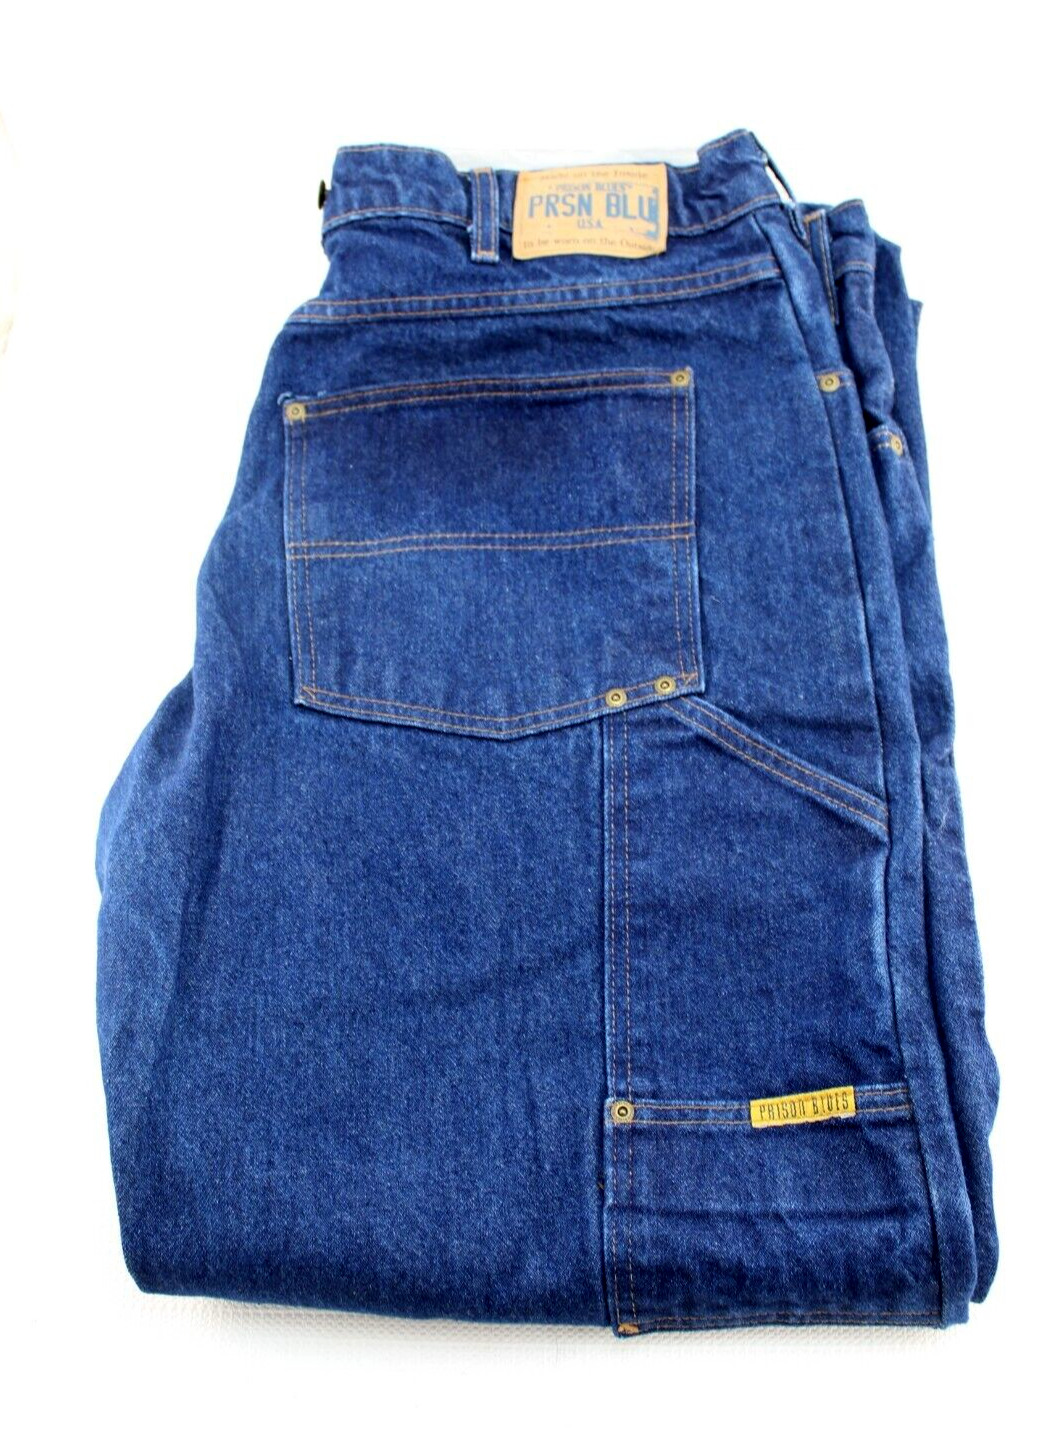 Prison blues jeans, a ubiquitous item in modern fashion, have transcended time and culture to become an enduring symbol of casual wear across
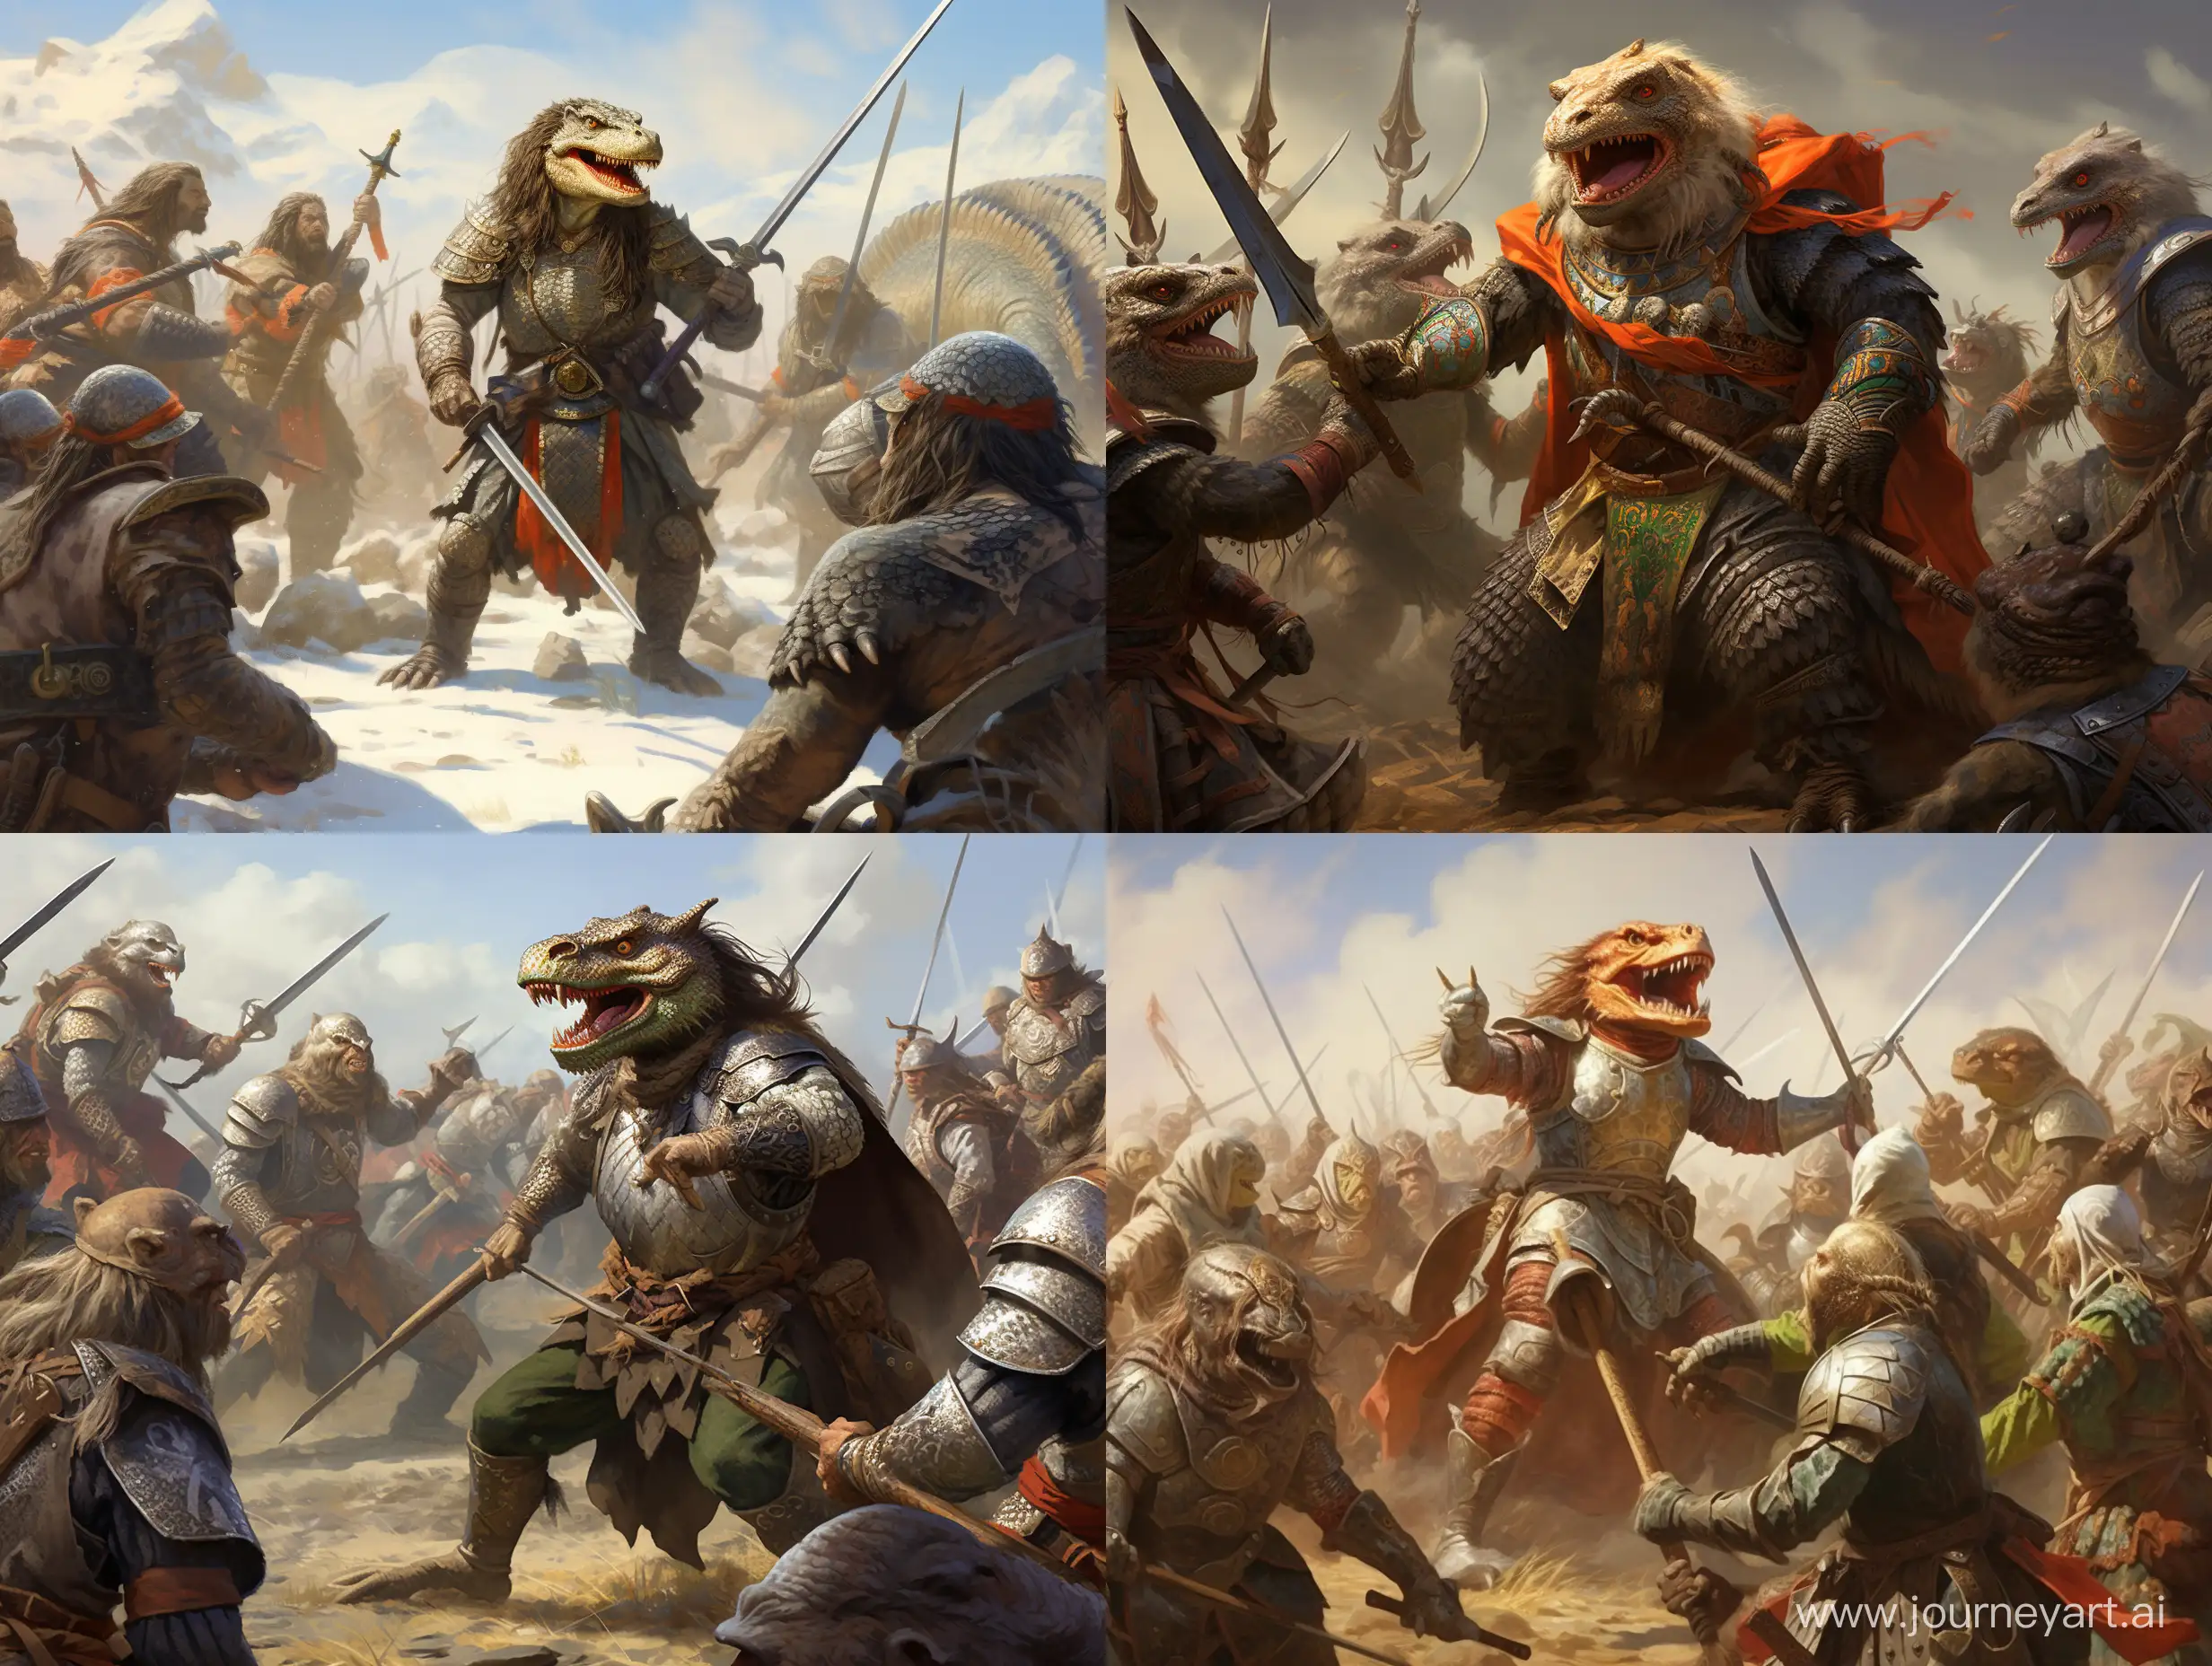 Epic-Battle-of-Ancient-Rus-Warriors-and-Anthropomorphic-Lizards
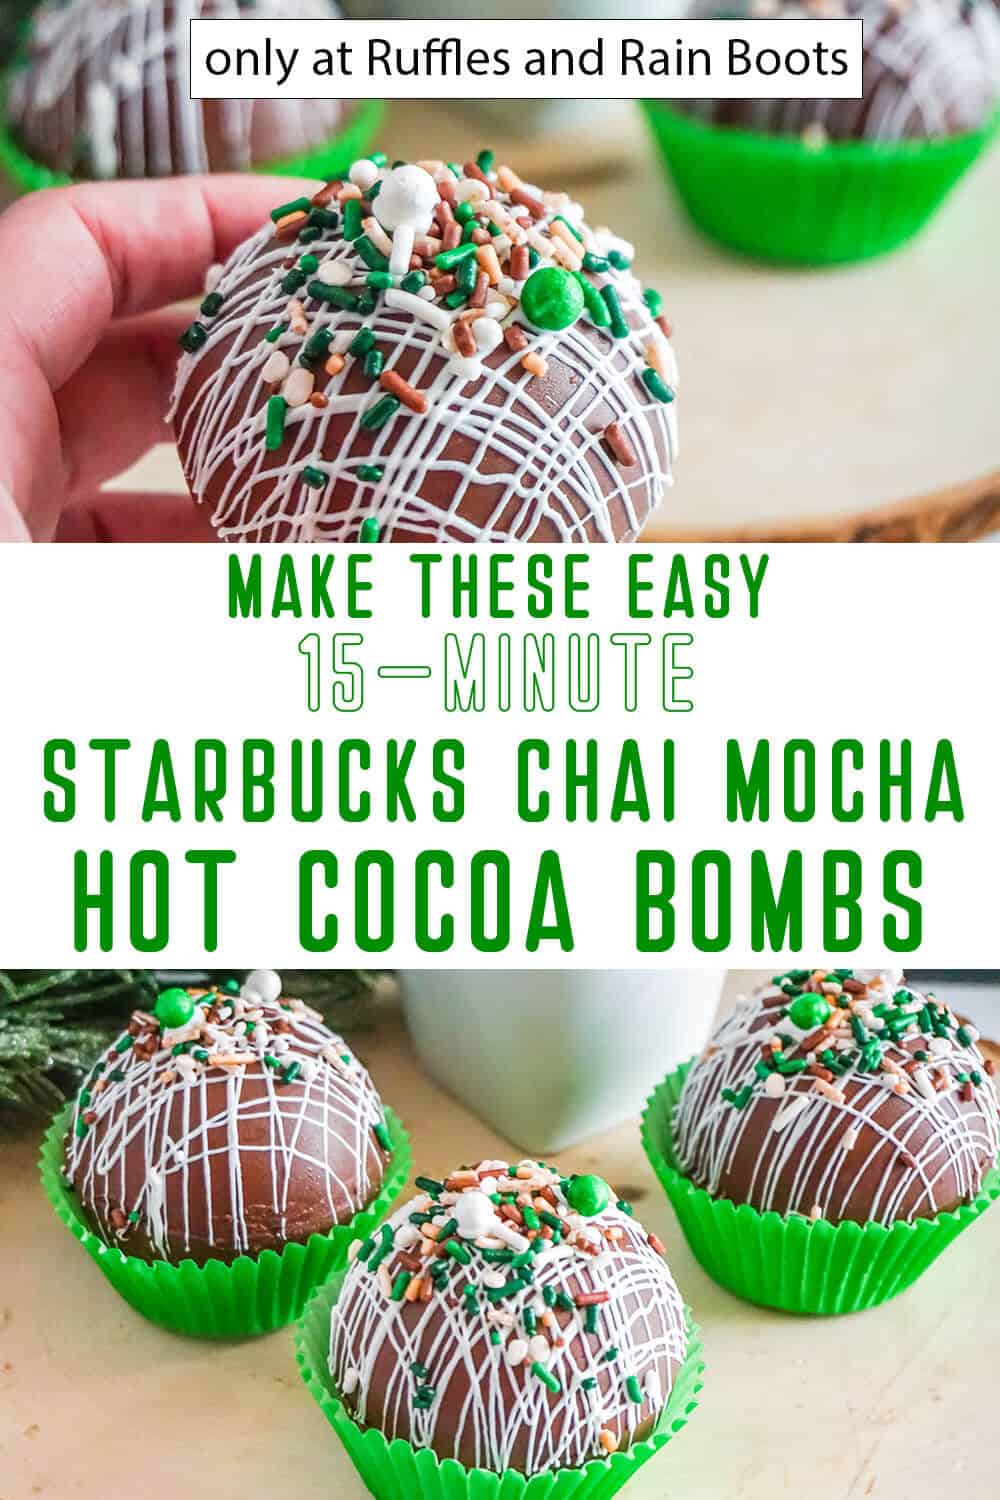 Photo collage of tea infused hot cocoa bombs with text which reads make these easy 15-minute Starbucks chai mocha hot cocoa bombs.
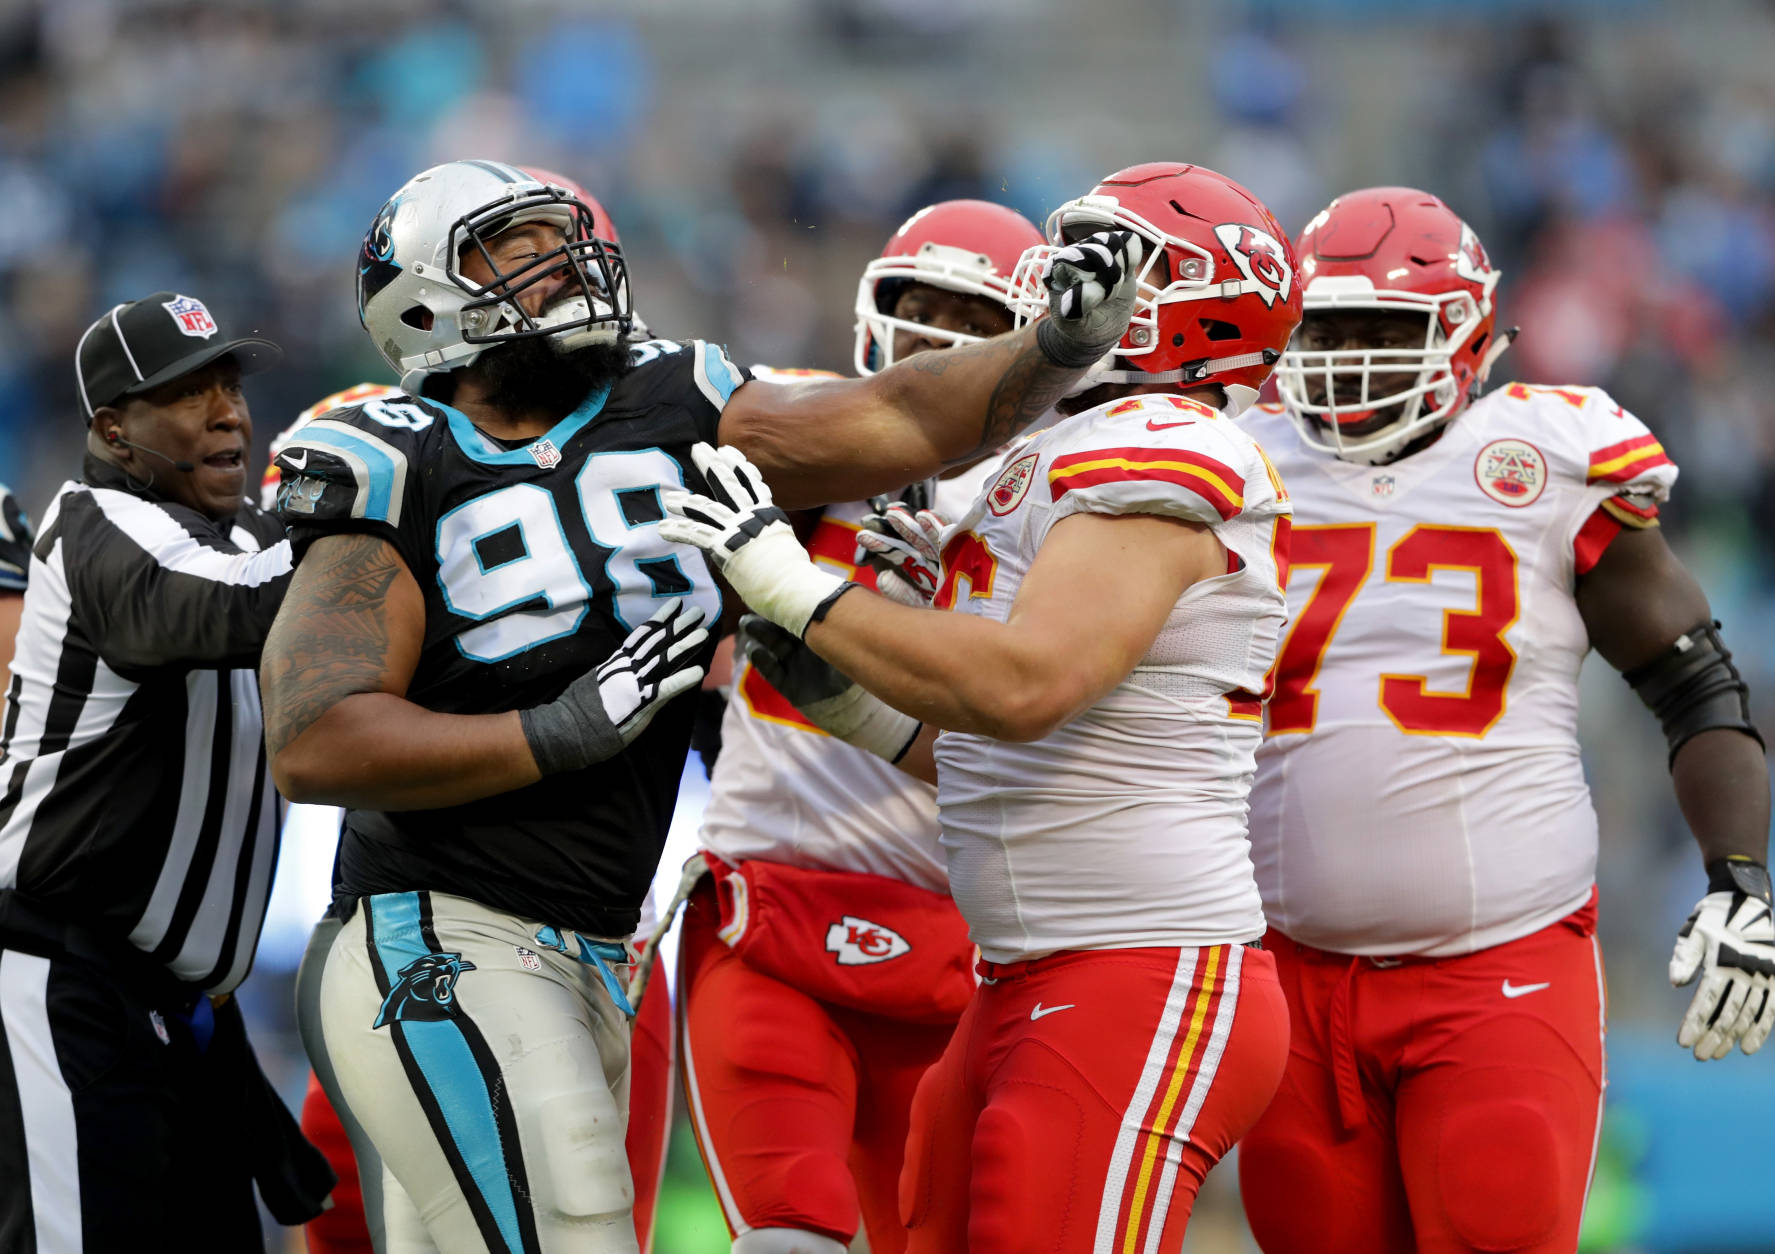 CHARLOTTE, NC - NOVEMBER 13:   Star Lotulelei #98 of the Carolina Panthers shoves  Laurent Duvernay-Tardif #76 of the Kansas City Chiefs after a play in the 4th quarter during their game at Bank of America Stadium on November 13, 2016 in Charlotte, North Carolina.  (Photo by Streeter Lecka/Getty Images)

_ _ _ _ _ _ _

TASK DESCRIPTION: Make an exact copy of the whole listing, but don't bring over any pictures.

WRITTEN REPLY:
 Prison blues jeans, a ubiquitous item in modern fashion, have transcended time and culture to become an enduring symbol of casual wear across
 Epic-Battle-of-Ancient-Rus-Warriors-and-Anthropomorphic-Lizards
 Photo collage of tea infused hot cocoa bombs with text which reads make these easy 15-minute Starbucks chai mocha hot cocoa bombs.
 CHARLOTTE, NC - NOVEMBER 13:   Star Lotulelei #98 of the Carolina Panthers shoves  Laurent Duvernay-Tardif #76 of the Kansas City Chiefs after a play in the 4th quarter during their game at Bank of America Stadium on November 13, 2016 in Charlotte, North Carolina.  (Photo by Streeter Lecka/Getty Images)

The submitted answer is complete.